USA, GOV

Congress created the Federal Housing Administration (FHA) in 1934. The FHA became a part of the Department of Housing and Urban Development's (HUD) Office of Housing in 1965.

During the 1940s, FHA programs helped finance military housing and homes for returning veterans and their families after the war.

In the 1950s, 1960s and 1970s, the FHA helped to spark the production of millions of units of privately-owned apartments for elderly, handicapped and lower income Americans. When soaring inflation and energy costs threatened the survival of thousands of private apartment buildings in the 1970s, FHA's emergency financing kept cash-strapped properties afloat.

The FHA moved in to steady falling home prices and made it possible for potential homebuyers to get the financing they needed when recession prompted private mortgage insurers to pull out of oil producing states in the 1980s.
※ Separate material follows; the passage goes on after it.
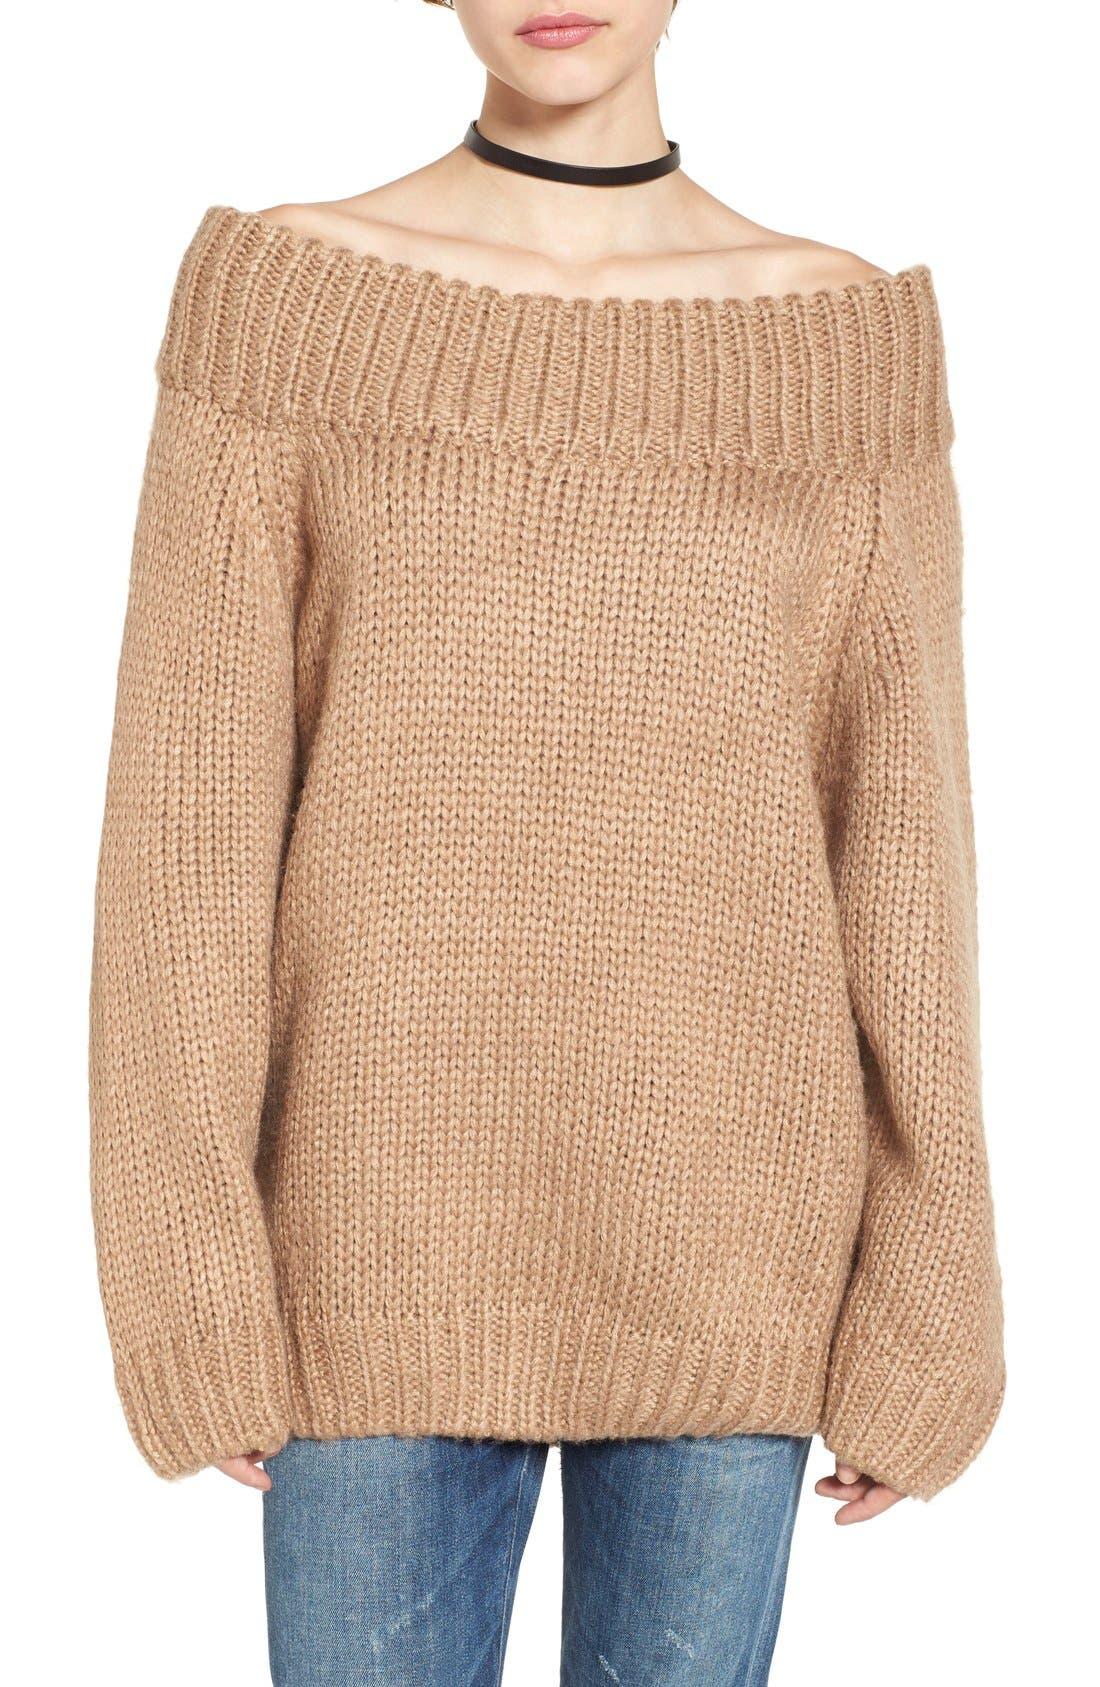 Alternate Image 1 Selected - Cotton Emporium Off the Shoulder Knit Pullover

By 2001, the nation's homeownership rate had soared to an all time high of 68.1 percent as of the third quarter that year.

The FHA and HUD have insured over 34 million home mortgages and 47,205 multifamily project mortgages since 1934. FHA currently has 4.8 million insured single family mortgages and 13,000 insured multifamily projects in its portfolio.

In the more than 60 years since the FHA was created, much has changed and Americans are now arguably the best housed people in the world. HUD has helped greatly with that success.